We have a Samba server which has some WPKG scripts. On shutdown, our staff machines are supposed to run these scripts. When logged in, we could run the scripts manually, but the shutdown scripts were not working.

In looking at the Samba smbd logs for the machine, it looked like the computer was trying to authenticate as the wrong machine. For example, the log for machine new-machine04 would have the following entries:

[2016/03/01 02:53:04.537446,  0] ../source3/auth/pampass.c:797(smb_pam_accountcheck)
  smb_pam_accountcheck: PAM: Account Validation Failed - Rejecting User old-machine01$!
[2016/03/01 02:53:04.537730,  1] ../source3/auth/user_krb5.c:142(get_user_from_kerberos_info)
  PAM account restrictions prevent user [TWC\old-machine01$] login
[2016/03/01 02:53:04.537759,  1] ../source3/auth/auth_generic.c:97(auth3_generate_session_info_pac)
  Failed to map kerberos principal to system user (NT_STATUS_WRONG_PASSWORD)
[2016/03/01 02:53:04.637576,  0] ../source3/auth/pampass.c:797(smb_pam_accountcheck)
  smb_pam_accountcheck: PAM: Account Validation Failed - Rejecting User old-machine01$!
[2016/03/01 02:53:04.637860,  1] ../source3/auth/user_krb5.c:142(get_user_from_kerberos_info)
  PAM account restrictions prevent user [TWC\old-machine01$] login
[2016/03/01 02:53:04.637889,  1] ../source3/auth/auth_generic.c:97(auth3_generate_session_info_pac)
  Failed to map kerberos principal to system user (NT_STATUS_WRONG_PASSWORD)

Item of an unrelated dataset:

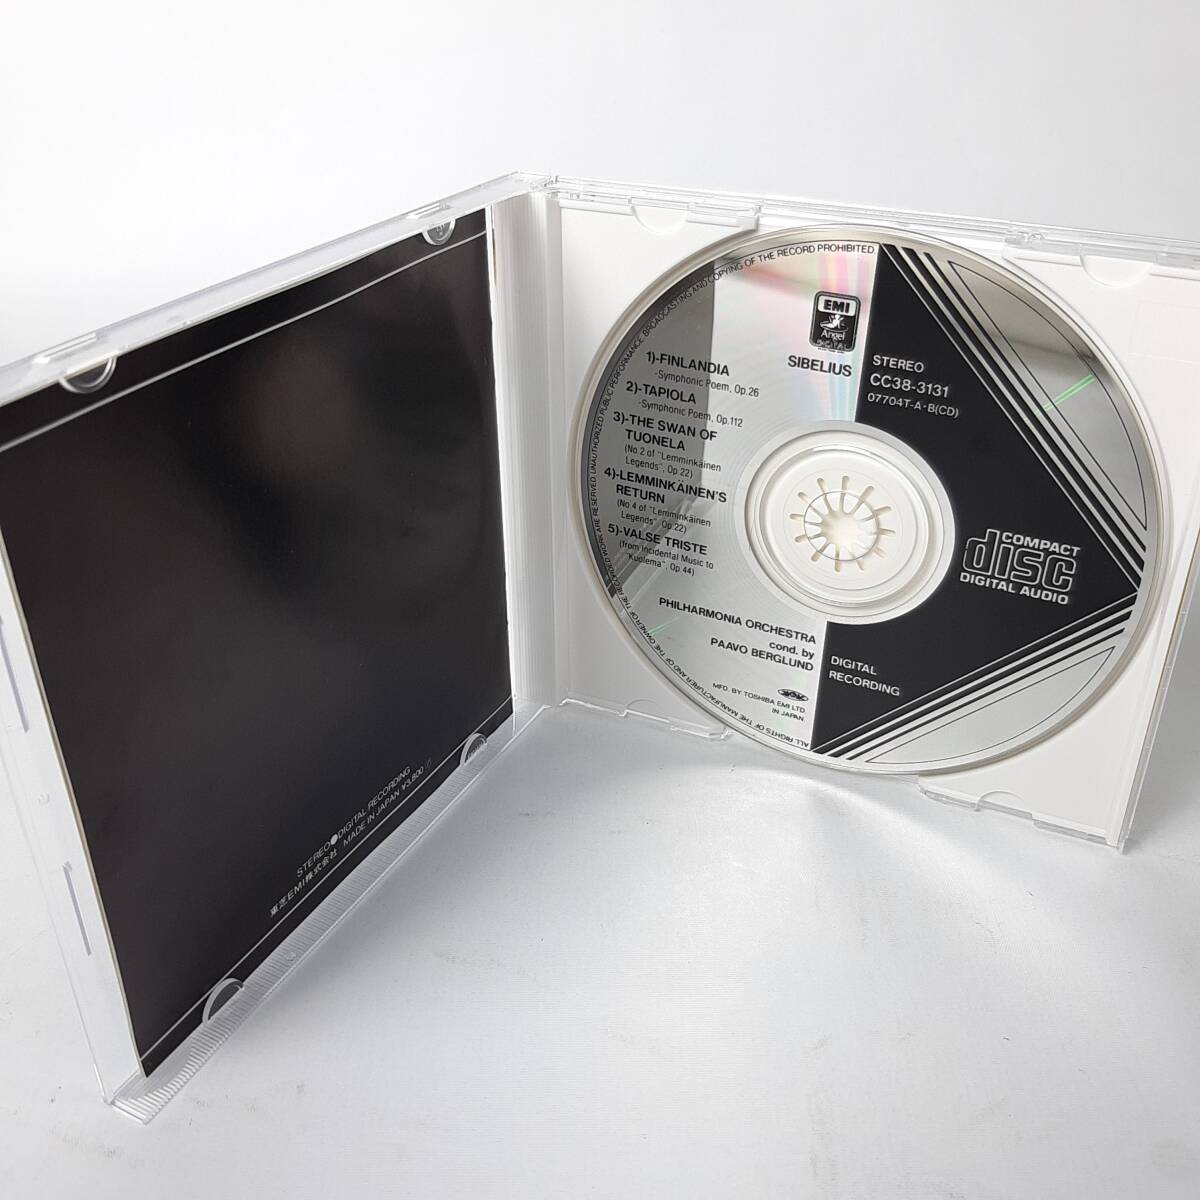 MA14【EMI初期黒レーベル/3800円盤】ベルグルンド / シベリウス:フィンランディア CD_画像3

There was something going wrong with machine accounts. Removing the computer from the domain, deleting the computer object, and then re-joining the computer fixed the problem, but I did not know where the old-machine01 entries were coming from. They were legitimate machine names we had used in the past, but they were mapped incorrectly. I was freaked out because I thought that our Active Directory might be inconsistent, which would have been a huge problem.

Fortunately, the problem ended up being Samba's fault. The smb_pam_accountcheck routine uses information returned from winbind, and winbind was referencing a cache file /var/cache/samba/netsamlogon_cache.tdb that is (a) stored in a different place than other cache files and (b) is never flushed or ignored, even if you specify the -n parameter to the winbind daemon. This file contained the mysterious old machine names.

I believe the problem is as follows: sometimes instead of reimaging a computer, we would rename an existing computer and give it to somebody new. This meant that the computer SID would not change. Active Directory stored the new information (and a new machine account password) and the netsamlogon_cache.tdb file kept the old machine account name with the same SID. This lookup would always fail, so Samba would reject the connection request, so the shutdown script would not work. Deleting or renaming the netsamlogon_cache.tdb file fixes the problem. Unfortunately I am so inefficient at troubleshooting Samba that figuring this out took me days.